Henceforth, I remained not-a-writer. My sophomore year of high school, I became involved with the school newspaper, The Tattler. Over the next couple years, I wrote several April Fools pieces, set an unofficial record for letters and poems to the editor, and wrote maybe one news story (that wasn't very good).

My technical writing faltered throughout this time. I entered a Tattler column contest, and was told unofficially - by a friend - that my entry was unreadable. (By comparison, reading this blog post is like trying to find a needle in a pincushion). I turned in one essay that came back to me with the comment, "Is this a joke?"

And no, it wasn't.

But I also did a bit of experimenting. I wrote some of my first short-stories, including both fiction and non-fiction. Some of them caught some attention: by my closest friends and family members, who would have shown me attention (I would assume) no matter what.

And/but I was ambitious, back then. I wanted the moon, or nothing. So I began the thing I thought would make me a writer, once and for all, and which nobody could argue with.

It was not The Almost Crime. It was a book called, Suggested Changes in Bold.

Like many grand ideas I'd had, I entered college without finishing Suggested Changes in Bold. Once I was there a couple short stories trickled out of me - but they were John-Irving-inspired, and preachy, and longer than they needed to be, and more-or-less plot-less. And none of them are worth mentioning here.

However, a wonderful thing also happened my freshman year. It came with cash-money, and a picture, and some free desserts. (Just? I don't know.) It was called a James E. Rice, Jr. Prize, and came with publication. I was officially kicked in the pants.

That summer, I went home and had a bout of two-dimensional writing circles (the opposite of a "writing block...").
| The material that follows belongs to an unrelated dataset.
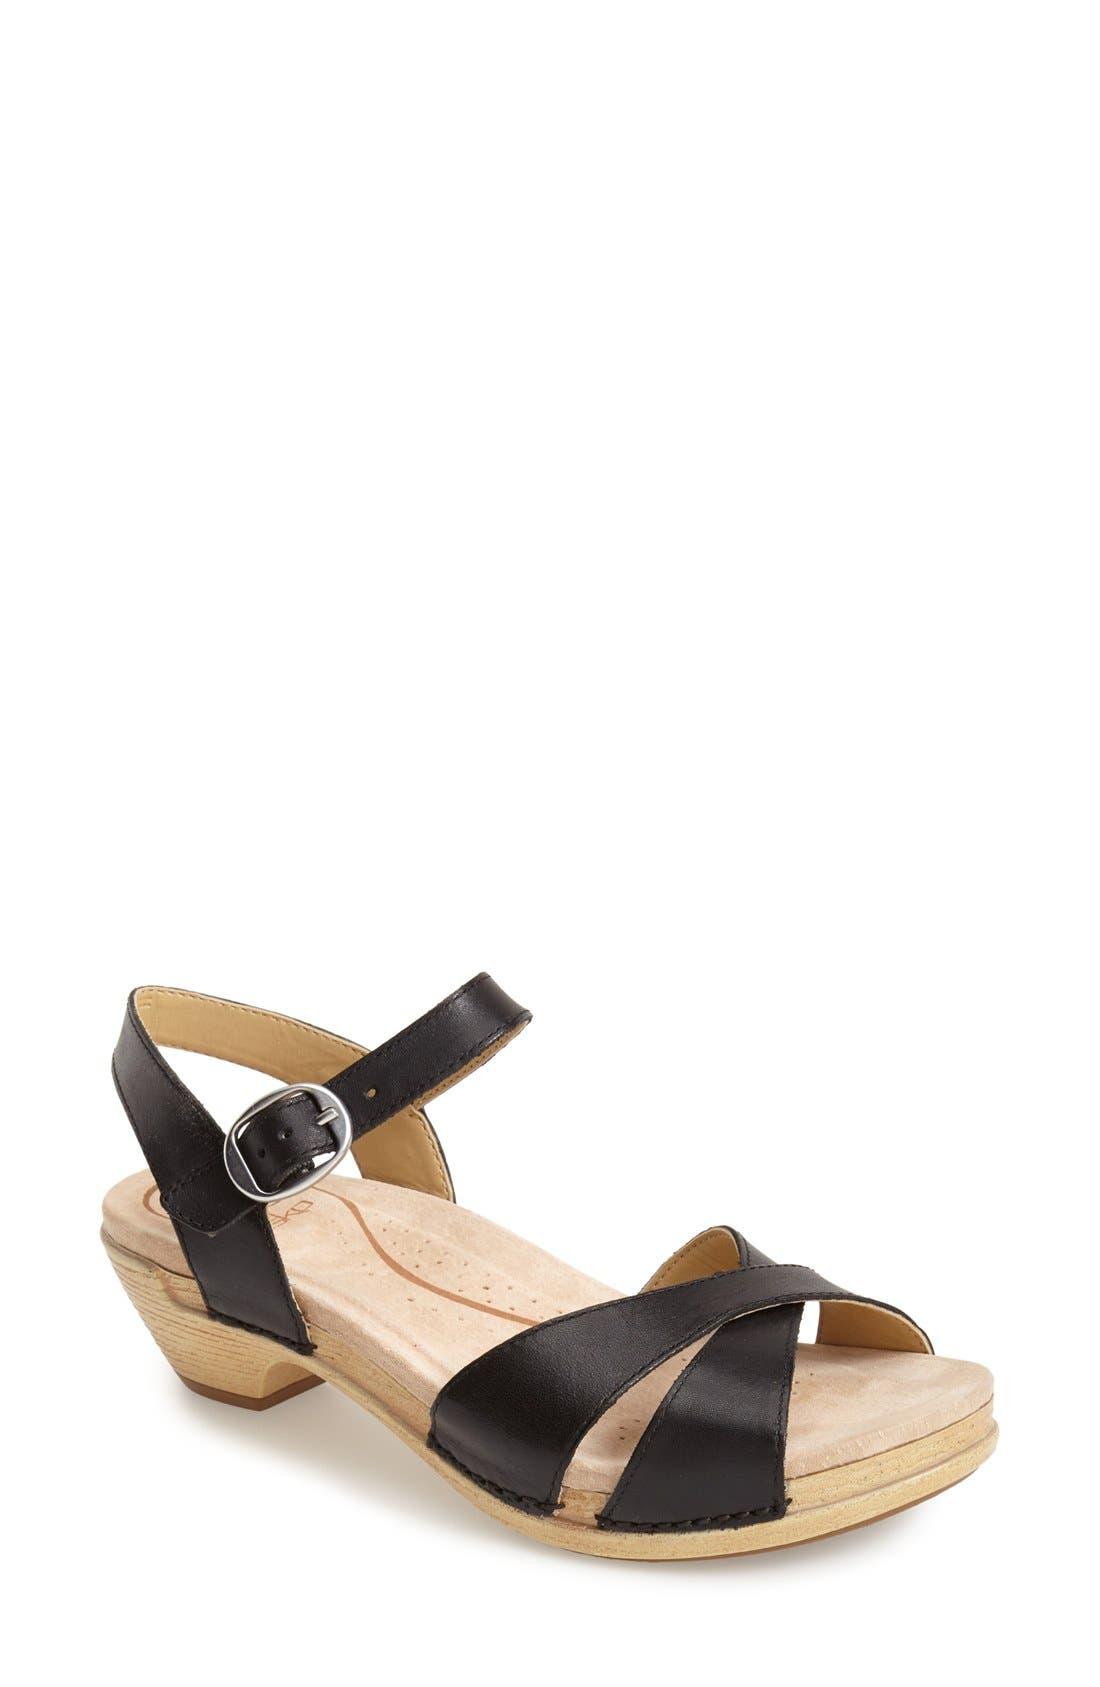 'Larissa' Sandal,                         Main,                         color, 001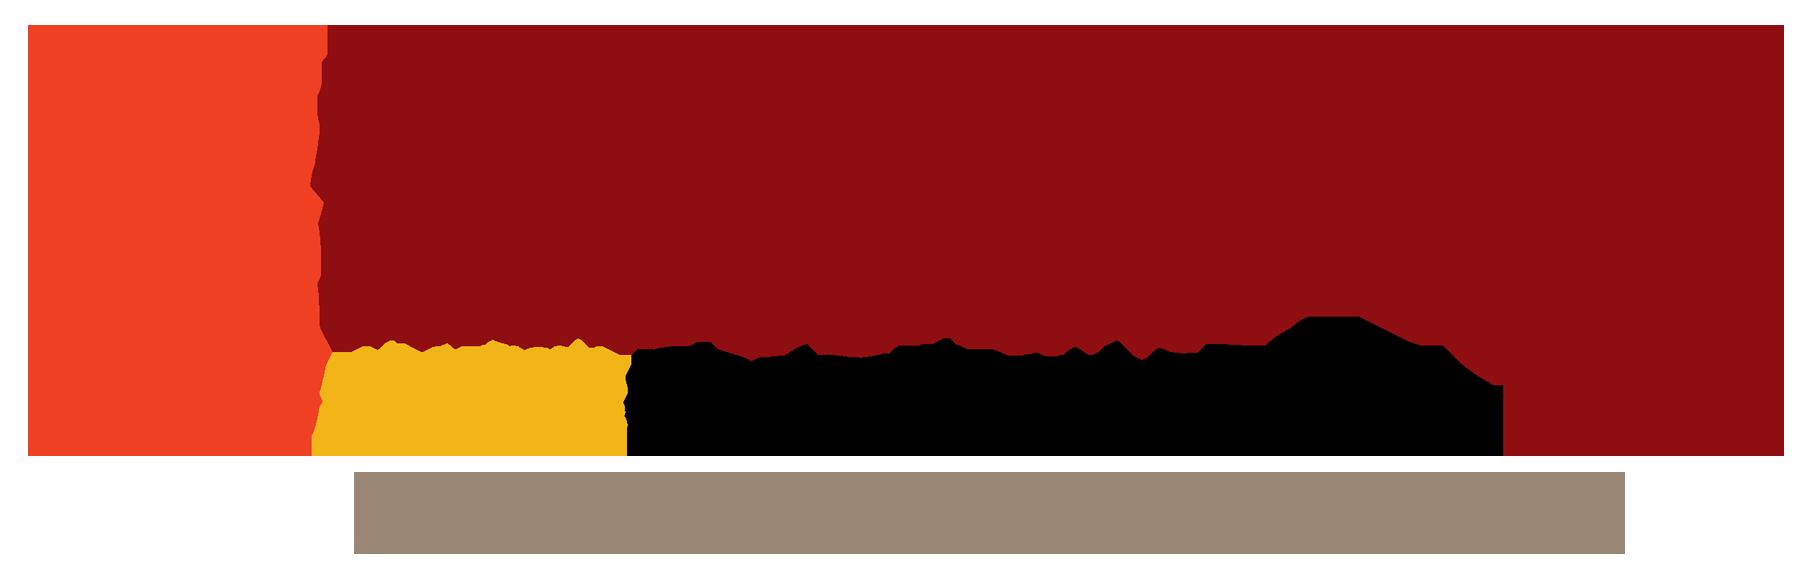 Cardiometabolic Risk Summit

I wrote about half of Suggested Changes in Bold in a week, and had my dear, darling dad print and bind a couple of copies for me. I did some editing (not enough) and asked around for some editing (not enough), and had grand schemes for what I was going to do with my finished product, now.
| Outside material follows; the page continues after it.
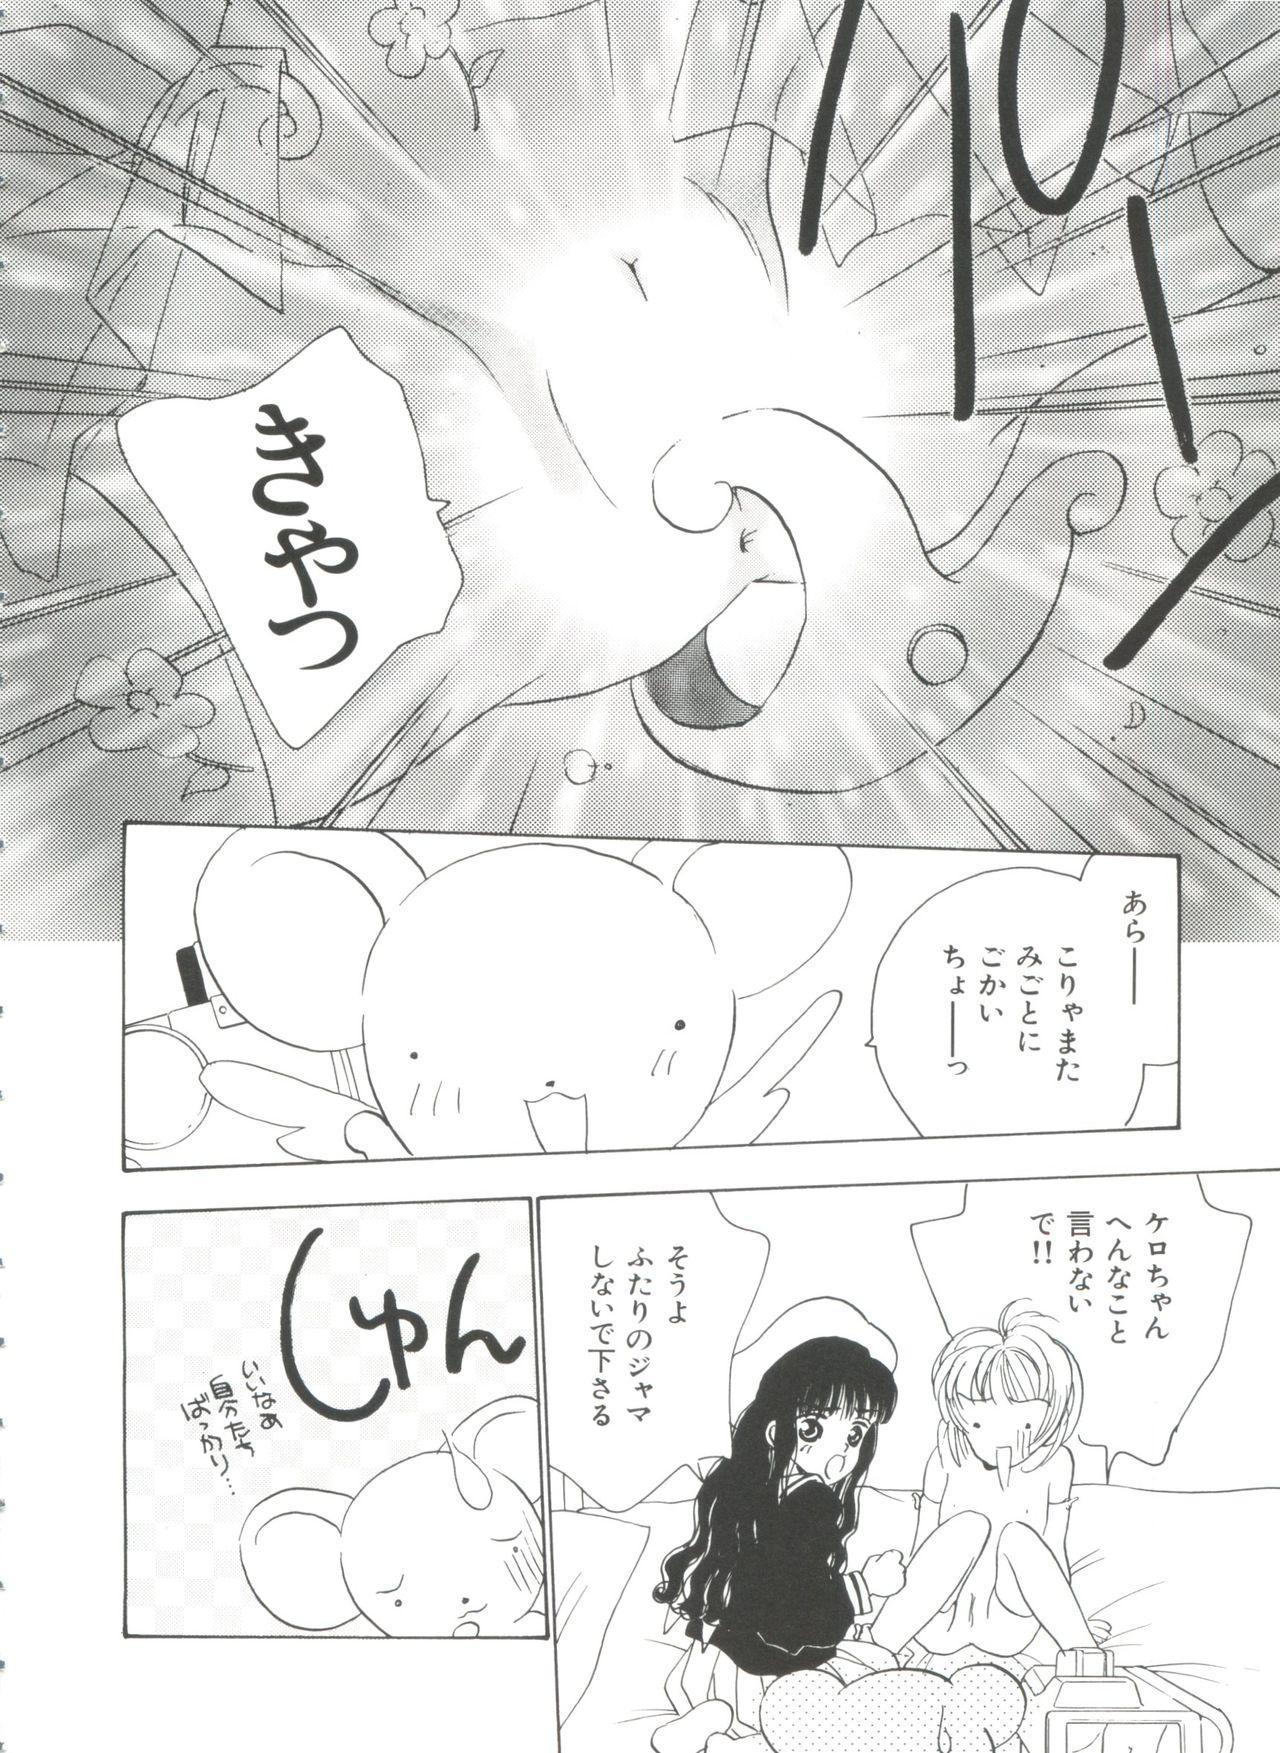 Ero-chan to Issho 15

Again, I didn't follow through.

One good thing became of Suggested Changes in Bold, however -- before I decided to self-publish it and be done with it. My then-friend read it, and thought it was okay. Four years (and change) later, I married her.

Anyway.

I continued to write at Cornell, taking Verse Writing and then Narrative Writing and then Narrative Writing and then Narrative Writing. (I figured out that you could get credit more than once, if you changed professors.) I had some swings, some misses, and perhaps some RBIs. But I also had another wonderful thing happen to me my junior year, which may explain why I wrote The Almost Crime, and why I'm writing this blurb here. It came with cash money, too, and was called an Arthur Lynn Andrews Award for fiction.

Once was a fluke, but now I was on to something... and for once, I knew what I was on to. It turned out, I could get inside a person's head pretty well. When I won the James E. Rice, Jr. Prize I had pretended to be Freud. When I won the Arthur Lynn Andrews prize, I had pretended to be a college student with an autism spectrum disorder, trying to find love. My plot-lines were still crap and my scene-setting was still crap, but I could more-or-less characterize.

And I could do almost anyone.

Since then, this is what I've built on. I've poured my mental energy into my characters, and let my characters dictate my stories. My writing has relied more on thoughts than actions (and hardly at all on setting scenes) - and The Almost Crime is no exception. Yes, there are car accidents. Yes, there is armed robbery. Yes, there is murder. But I swear to you that 1) The Almost Crime is my crown jewel, so far, and 2) the plot isn't where the action is.